Pour lui, « il est plus que désolant de constater la manière dont est malmené le réseau collégial par le gouvernement du Québec, alors que c’est un joyau de l’enseignement supérieur qui est, par surcroît, unique au monde. Les coupes et les restrictions budgétaires répétées depuis la dernière année mettent à mal l’existence même de ce réseau d’éducation qui offre de la formation de qualité, tant en enseignement technique qu’en enseignement préuniversitaire, et ce, sur tout le territoire québécois, favorisant ainsi l’accessibilité à l’éducation, mais également à la culture à l’ensemble de la population. »

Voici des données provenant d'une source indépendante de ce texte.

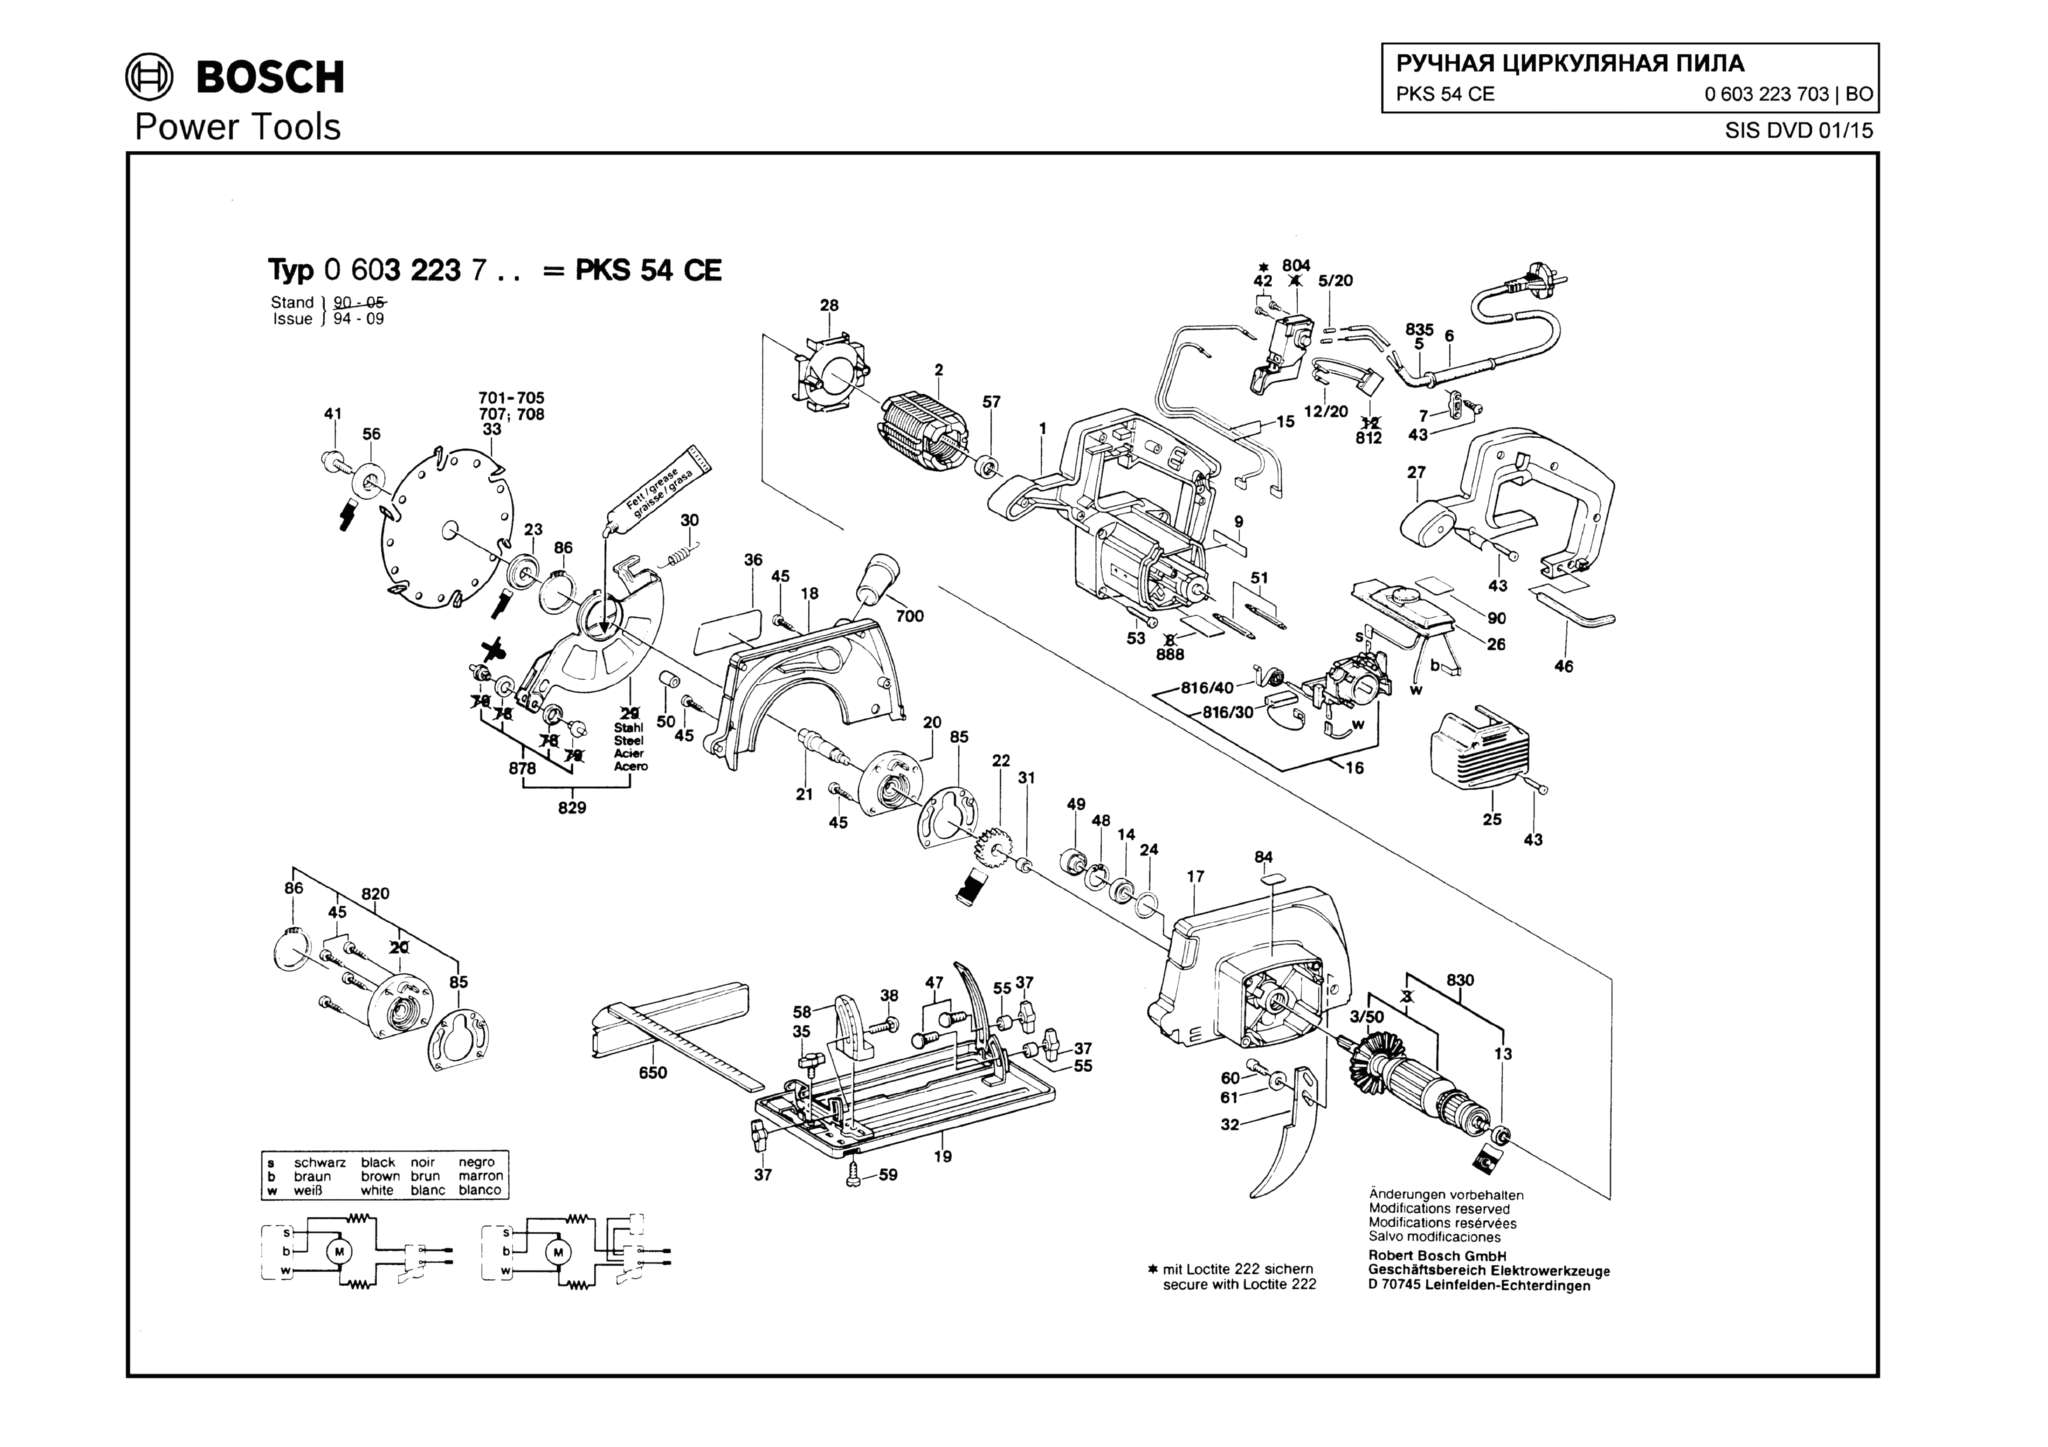 Запчасти, схема и деталировка Bosch PKS 54 CE (ТИП 0603223703)

« Alors que nos membres mettent de l’énergie année après année pour mettre en place des activités et des stratégies visant à favoriser la réussite, l’instabilité du financement est à la fois contre-productive et démoralisante. C’est aussi pour cette raison que nous organisons notre congrès cette année sur un thème mobilisateur, soit Redonner du cœur au savoir. Cependant, pour y arriver, les ressources doivent être au rendez-vous, pas être retranchées des budgets des cégeps! », ajoute M. Blanchet.
La force du public : ensemble on fait école !
Ces demandes des syndicalistes de l’éducation québécois s’inscrivent en droite ligne de la campagne de l’Internationale de l’Éducation, « La force du public : ensemble on fait école! ». Cette campagne représente un appel urgent aux gouvernements pour qu'ils investissent dans l’enseignement public, un droit humain fondamental et un bien public, et qu'ils investissent davantage dans les enseignant·e·s, le facteur le plus important pour parvenir à une éducation de qualité.
« Quand on coupe dans le secteur collégial, ce ne sont pas des postes qui disparaissent. Ce sont des services d’aide, des activités éducatives, du soutien psychosocial, des projets porteurs et des équipes déjà durement affectés par le manque de ressources. Ce sont des jeunes qui reçoivent moins que ce à quoi ils ont droit. Cette attaque contre notre réseau collégial n’est pas un cas isolé : elle reflète une vision réductrice des services publics qu’on observe malheureusement un peu partout dans le monde. À travers la campagne La force du public, nous nous levons collectivement pour rappeler que l’éducation ne peut pas être sacrifiée. Réinvestir dans nos cégeps, c’est investir dans la réussite et l’avenir du Québec », affirme Marjolaine Perreault, directrice générale de la CSQ et membre du bureau exécutif de l’Internationale de l’Éducation.